Encoders and decoders are both combinational circuits. An encoder performs a conversion of an input with two to the power of n lines into an n-bit binary code at the output. On the opposite, a decoder performs a conversion of an n-bit binary code into two to the power of n unique outputs.
The circuit shown here is a 4-to-2-line encoder, and it performs a one-hot to binary conversion. One-hot means that the format of the input lines only allows one unique line to be high (‘hot wire’) at a time. So there is a total of four input combinations (1000, 0100, 0010, 0001) that can be converted into 2 bits of binary code. The circuit is not designed for other input combinations.
Encoders are very useful circuits for various reasons. Encoding can be used to minimize the number of data lines required for signal transmission. A particularly useful application for encoding is the translation of input devices into binary code. For instance, pocket calculators use encoders to translate the decimal numbers of their keypad into binary numbers so that they can be used for further operations. Also, computer keyboards use encoders to convert their alphanumeric keys into binary code that can be processed by the computer.
The decoder shown in the diagram is a 2-to-4-line decoder, and it translates 2 bits of binary code into a distinct output signal. The output signal of this decoder circuit again is in a one-hot format, and therefore only one of the four output lines can be high at a time.
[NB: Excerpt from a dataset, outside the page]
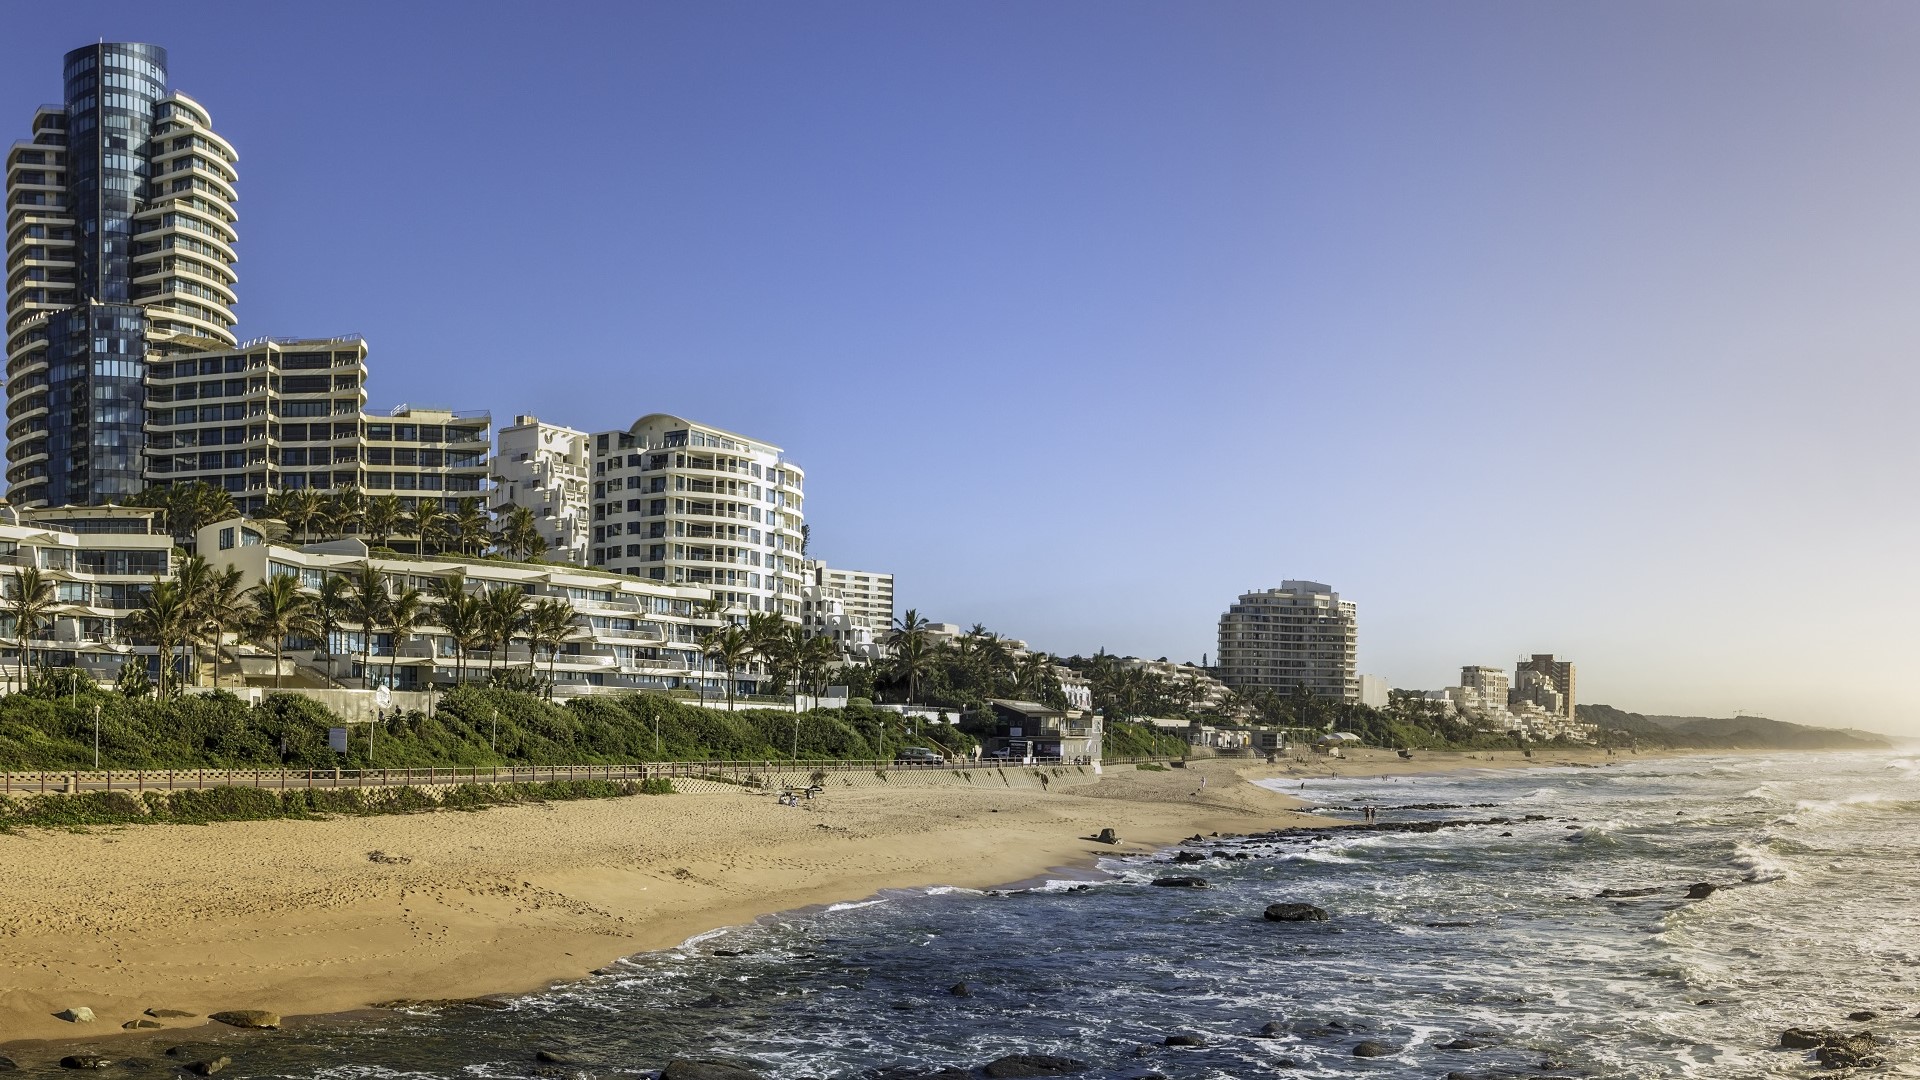 waves on the Indian Ocean shore with high-rises in Durban, South Africa
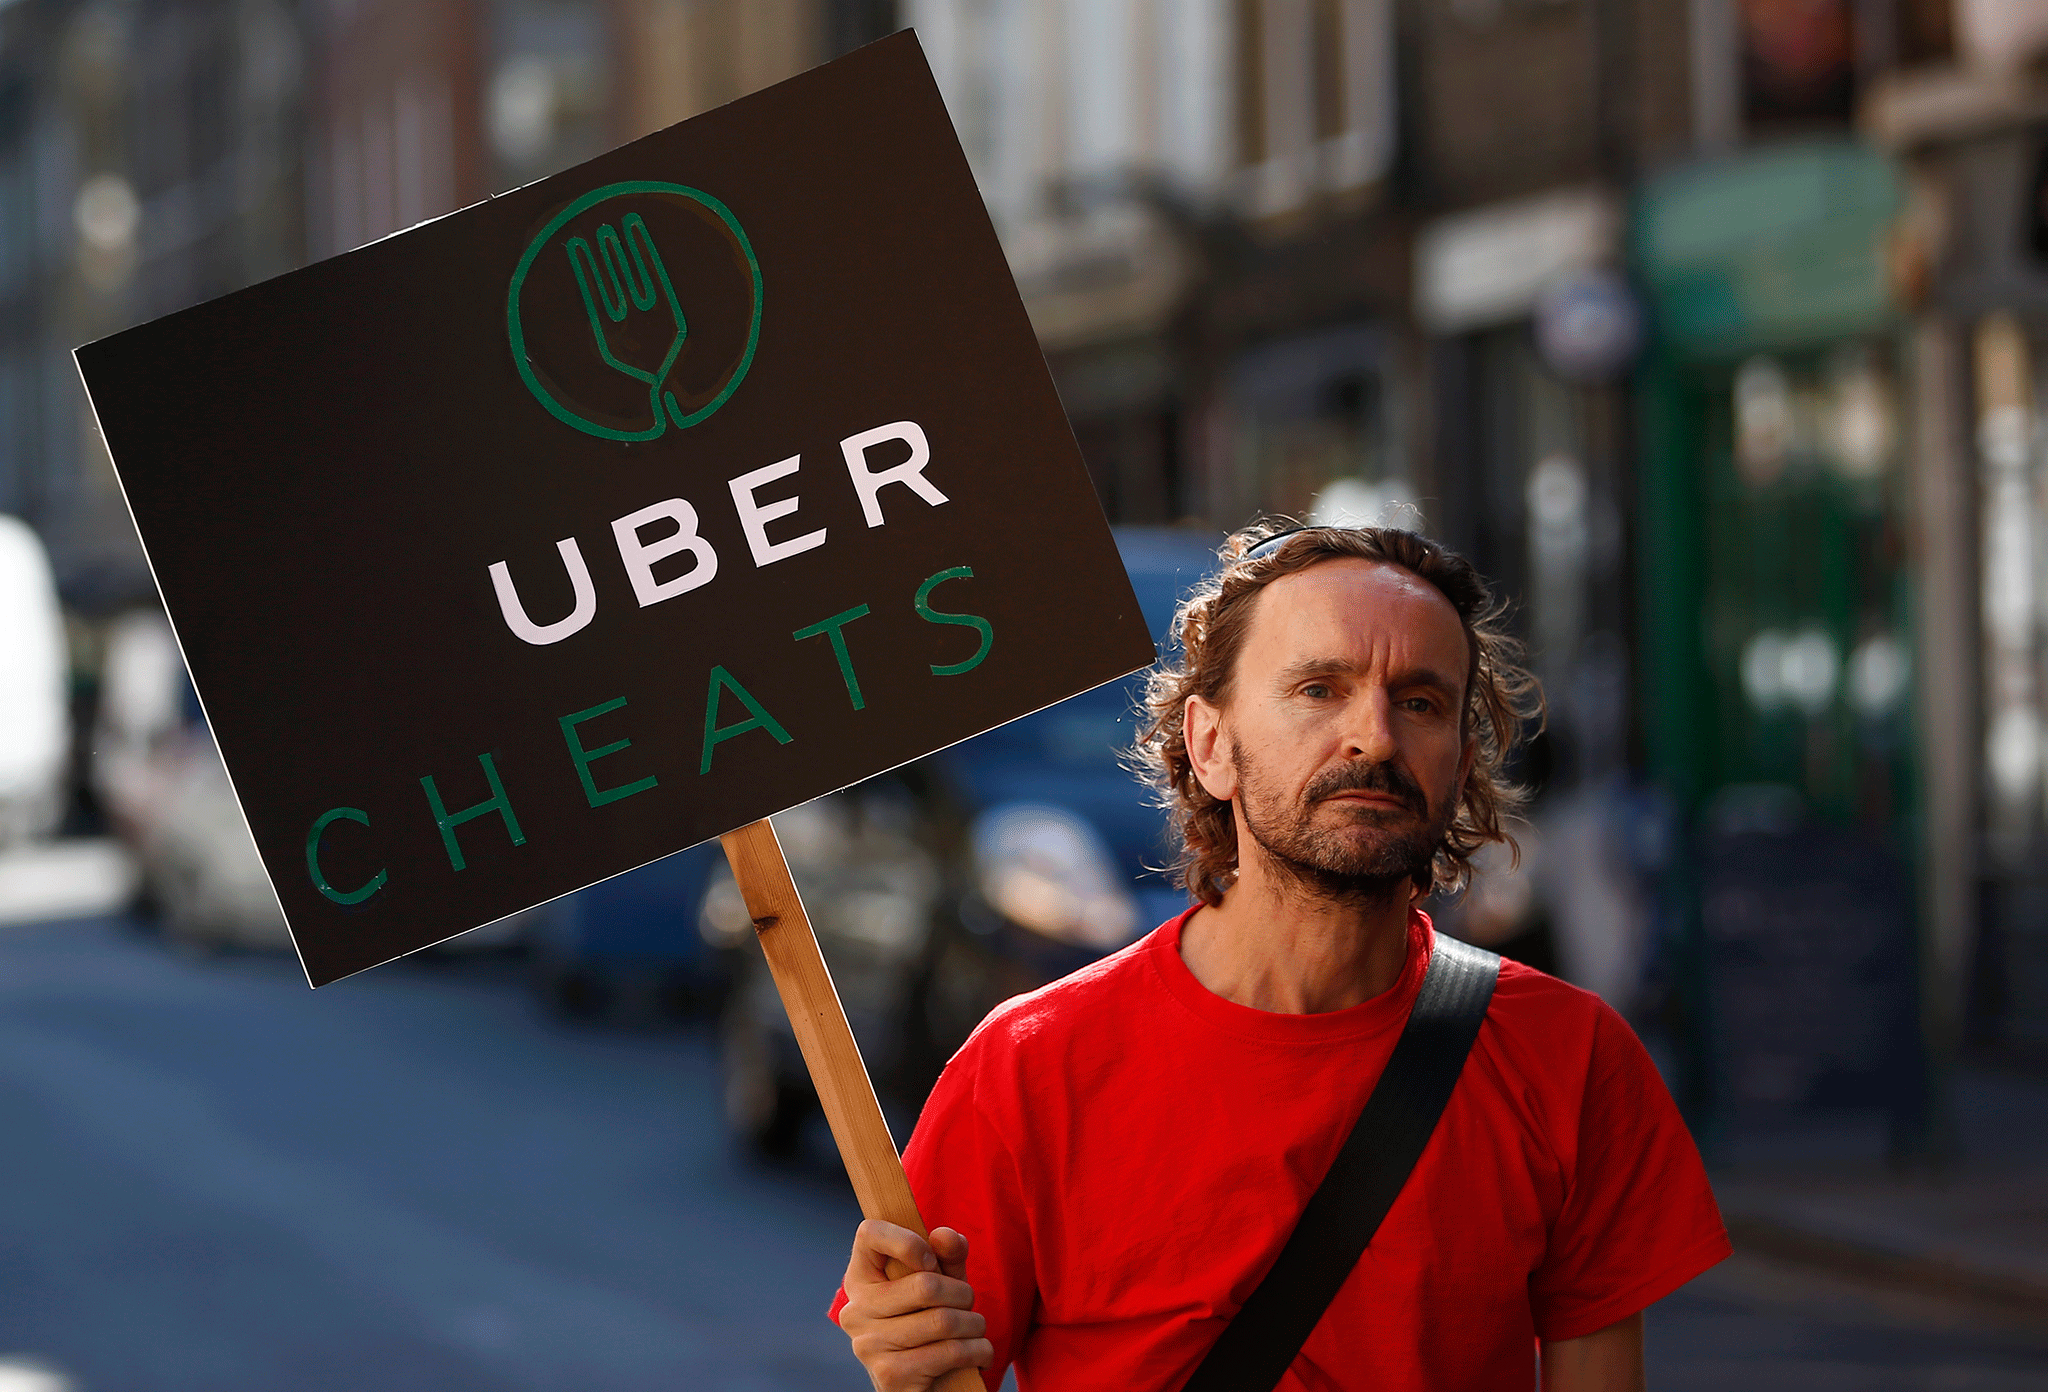 a protest by UberEATS workers protest over pay and conditions, outside the company's offices in London, August, 2016

Decoders have a number of useful applications. Their one-hot output signals can serve as enable signals for functional units (instruction decoding). In memory circuits they can also be used to enable different banks of memory, so in this application the inputs of decoders effectively become address lines. When a continuous counter is connected to their input lines, decoders can also be used as sequencers to turn various devices off or on in a repetitive and sequential way.